Download A File From Ssh

Can this be more secure?

You can combine a password with key files. Follow the steps above, but enter a strong passphrase. Now, when you connect over SSH or use SCP, you’ll need the proper private key file as well as the proper passphrase.

Once you enter your passphrase once, you won’t be asked again for it until you close your session. That means that the first time you SSH/SCP, you’ll need to enter your password, but all subsequent actions won’t require it. Once you log out of your computer (not the remote one) or close your terminal window, then you’ll have to enter it again. In this way, you’re not really sacrificing security, but you’re also not harassed for passwords all the time.

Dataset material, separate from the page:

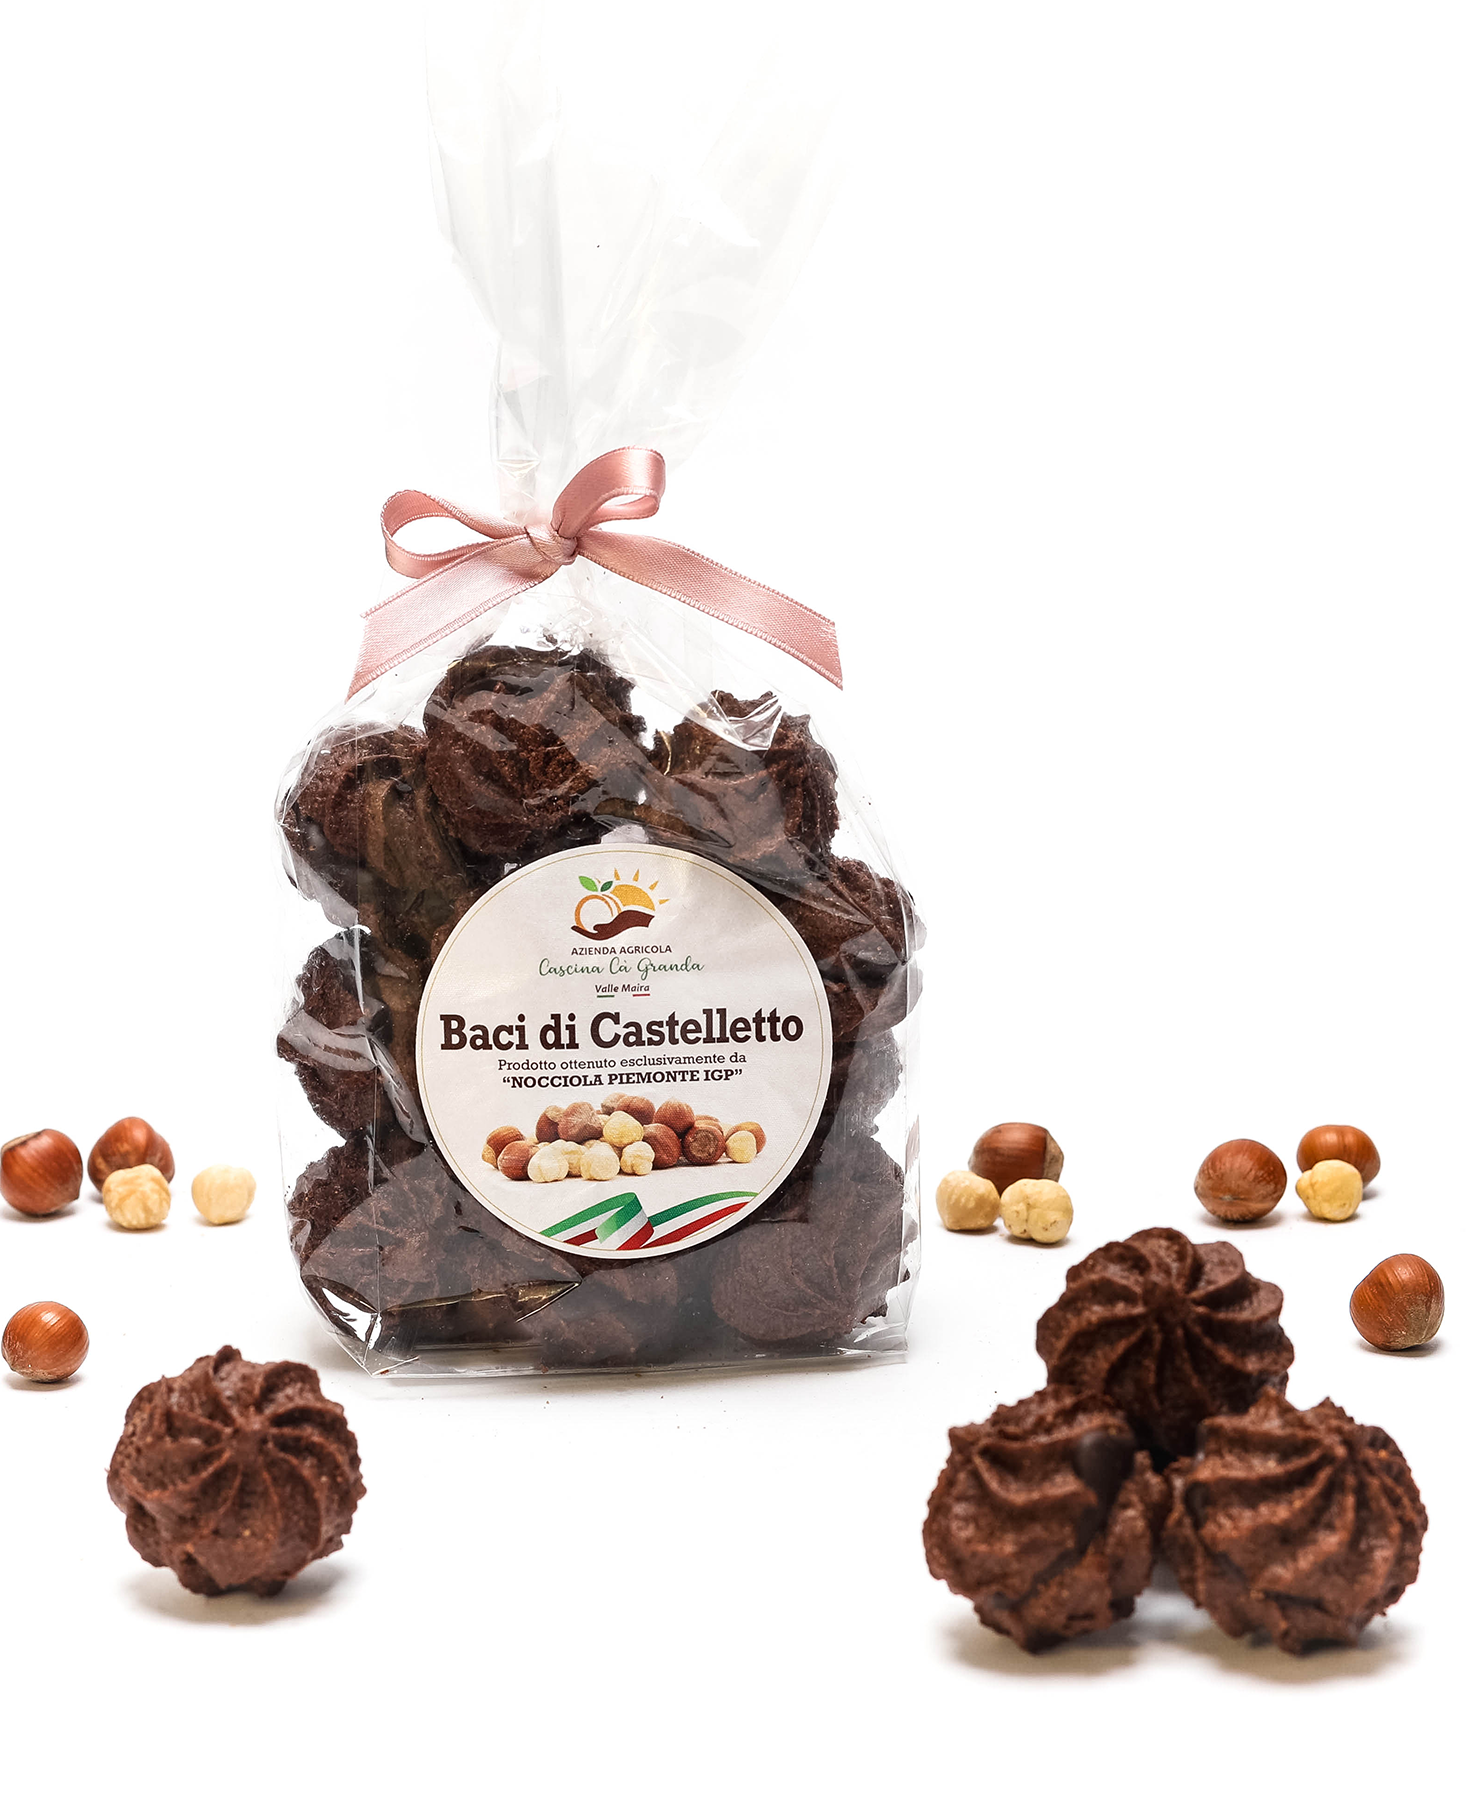 Baci di Castelletto - Biscotti con Nocciole Piemonte IGP e Cacao - Azienda agricola Cascina Cà Granda
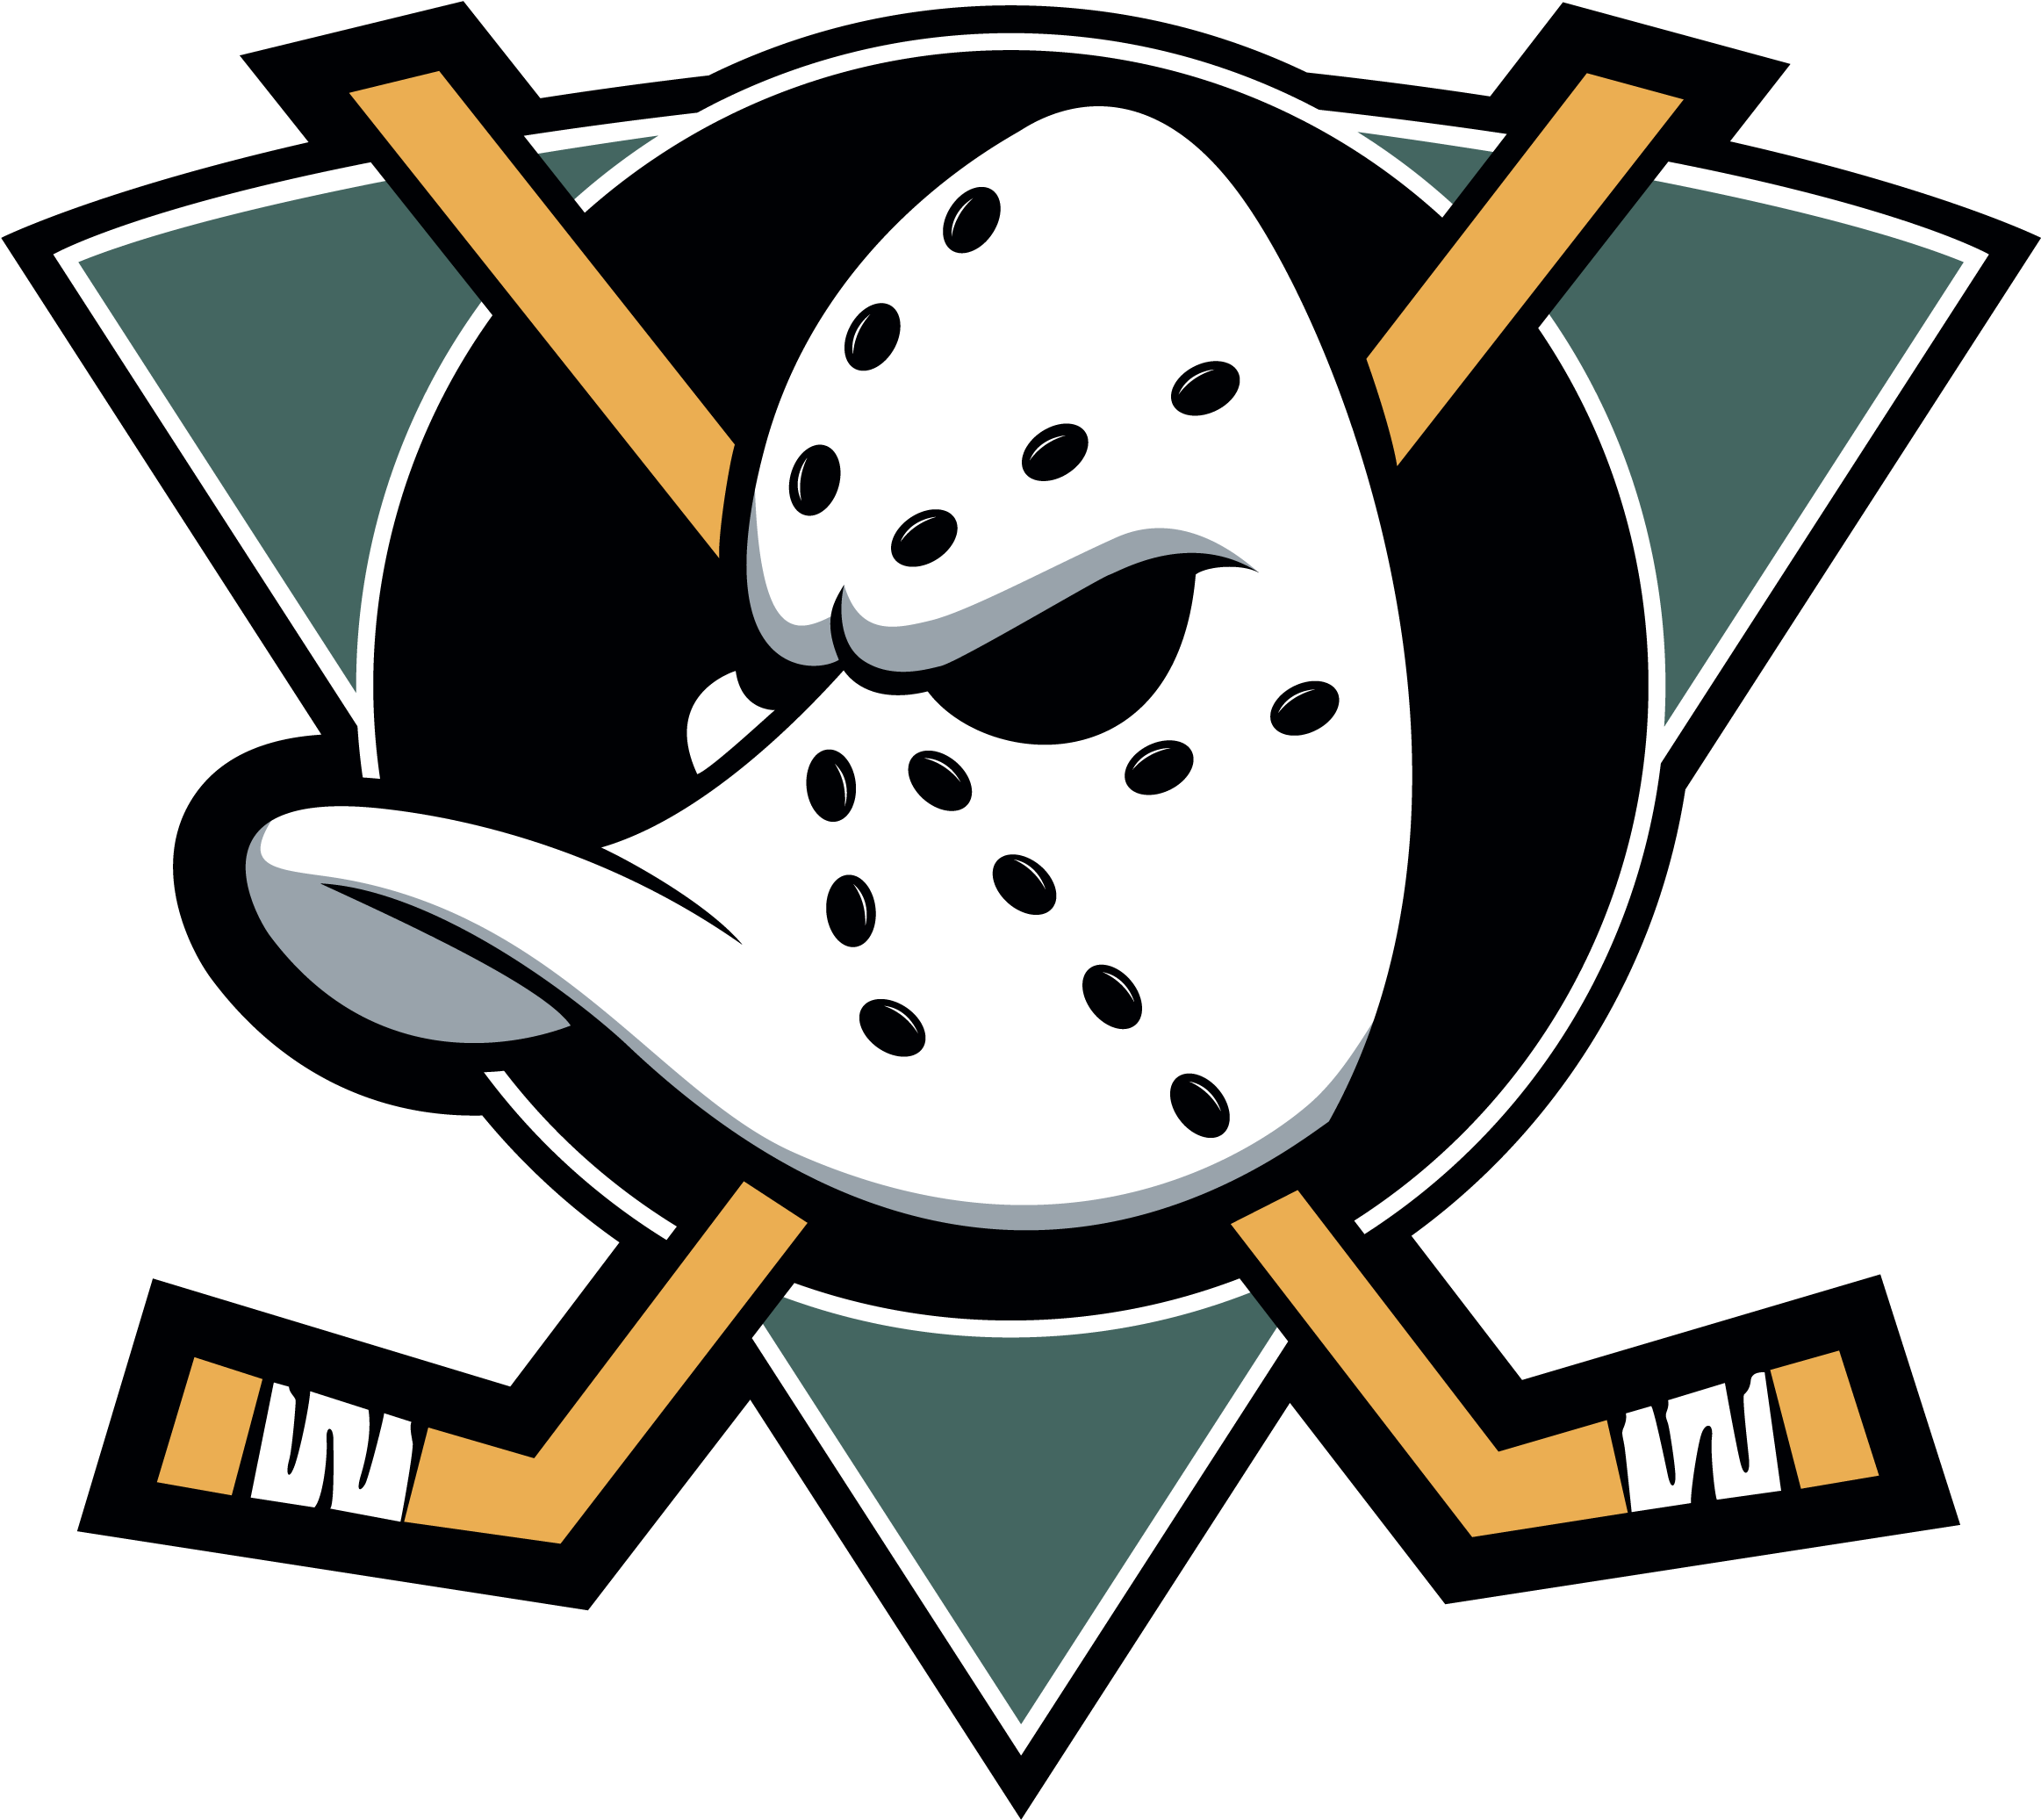 Anaheim Ducks Old Logo - Mighty Ducks Of Anaheim (3840x2160)

Can I reuse the public/private key pair?

This is a really bad idea. If someone finds your password, and you use the same password for all of your accounts, then they now have access to all of those accounts. Similarly, your private key file is also super-secret and important. (For more information, take a look at How To Recover After Your Email Password Is Compromised)

It’s best to create new key pairs for every computer and account you want to link. That way, if one of your private keys get caught somehow, then you’ll only compromise one account on one remote computer.

It’s also really important to note that all of your private keys are stored in the same place: in ~/.ssh/ on your computer, you can use TrueCrypt to create a secure, encrypted container, then create symlinks in your ~/.ssh/ directory. Depending on what I’m doing, I use this super-paranoid super-secure method to put my mind at ease.

Have you used SCP in any scripts? Do you use key files instead of passwords? Share your own expertise with other readers in the comments!